▶ _WHAT YOU SHOULD DO_
Write down exactly the lines of the listing below, beginning with the one containing "File:Garanti Koza Sofia" and closing with the final line.

▶ _AVAILABLE RECORDS_
[Start of Attachment]
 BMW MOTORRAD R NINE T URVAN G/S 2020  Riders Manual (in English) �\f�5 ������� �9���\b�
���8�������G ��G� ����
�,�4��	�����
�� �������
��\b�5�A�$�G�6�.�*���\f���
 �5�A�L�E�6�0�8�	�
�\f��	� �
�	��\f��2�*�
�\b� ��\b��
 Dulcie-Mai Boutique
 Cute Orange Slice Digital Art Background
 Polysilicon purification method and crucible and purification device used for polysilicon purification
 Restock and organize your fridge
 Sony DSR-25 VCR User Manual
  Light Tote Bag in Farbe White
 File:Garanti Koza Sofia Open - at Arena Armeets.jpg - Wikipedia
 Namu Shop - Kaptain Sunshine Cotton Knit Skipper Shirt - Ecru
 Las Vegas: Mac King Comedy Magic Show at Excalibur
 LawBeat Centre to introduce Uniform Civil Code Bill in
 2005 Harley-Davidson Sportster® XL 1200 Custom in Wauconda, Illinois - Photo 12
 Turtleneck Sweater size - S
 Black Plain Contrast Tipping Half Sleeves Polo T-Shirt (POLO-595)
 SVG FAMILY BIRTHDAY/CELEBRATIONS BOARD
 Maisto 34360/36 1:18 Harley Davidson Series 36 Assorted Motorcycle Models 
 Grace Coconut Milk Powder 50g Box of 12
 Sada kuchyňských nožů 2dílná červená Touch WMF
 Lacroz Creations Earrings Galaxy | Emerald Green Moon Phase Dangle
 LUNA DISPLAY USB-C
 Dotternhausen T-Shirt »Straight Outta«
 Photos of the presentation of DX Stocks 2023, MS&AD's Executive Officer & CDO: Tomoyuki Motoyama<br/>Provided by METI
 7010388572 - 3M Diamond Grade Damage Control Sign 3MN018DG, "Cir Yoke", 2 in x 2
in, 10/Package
[End of Attachment]
▶ _SOLUTION FOR THIS TASK_
 File:Garanti Koza Sofia Open - at Arena Armeets.jpg - Wikipedia
 Namu Shop - Kaptain Sunshine Cotton Knit Skipper Shirt - Ecru
 Las Vegas: Mac King Comedy Magic Show at Excalibur
 LawBeat Centre to introduce Uniform Civil Code Bill in
 2005 Harley-Davidson Sportster® XL 1200 Custom in Wauconda, Illinois - Photo 12
 Turtleneck Sweater size - S
 Black Plain Contrast Tipping Half Sleeves Polo T-Shirt (POLO-595)
 SVG FAMILY BIRTHDAY/CELEBRATIONS BOARD
 Maisto 34360/36 1:18 Harley Davidson Series 36 Assorted Motorcycle Models 
 Grace Coconut Milk Powder 50g Box of 12
 Sada kuchyňských nožů 2dílná červená Touch WMF
 Lacroz Creations Earrings Galaxy | Emerald Green Moon Phase Dangle
 LUNA DISPLAY USB-C
 Dotternhausen T-Shirt »Straight Outta«
 Photos of the presentation of DX Stocks 2023, MS&AD's Executive Officer & CDO: Tomoyuki Motoyama<br/>Provided by METI
 7010388572 - 3M Diamond Grade Damage Control Sign 3MN018DG, "Cir Yoke", 2 in x 2
in, 10/Package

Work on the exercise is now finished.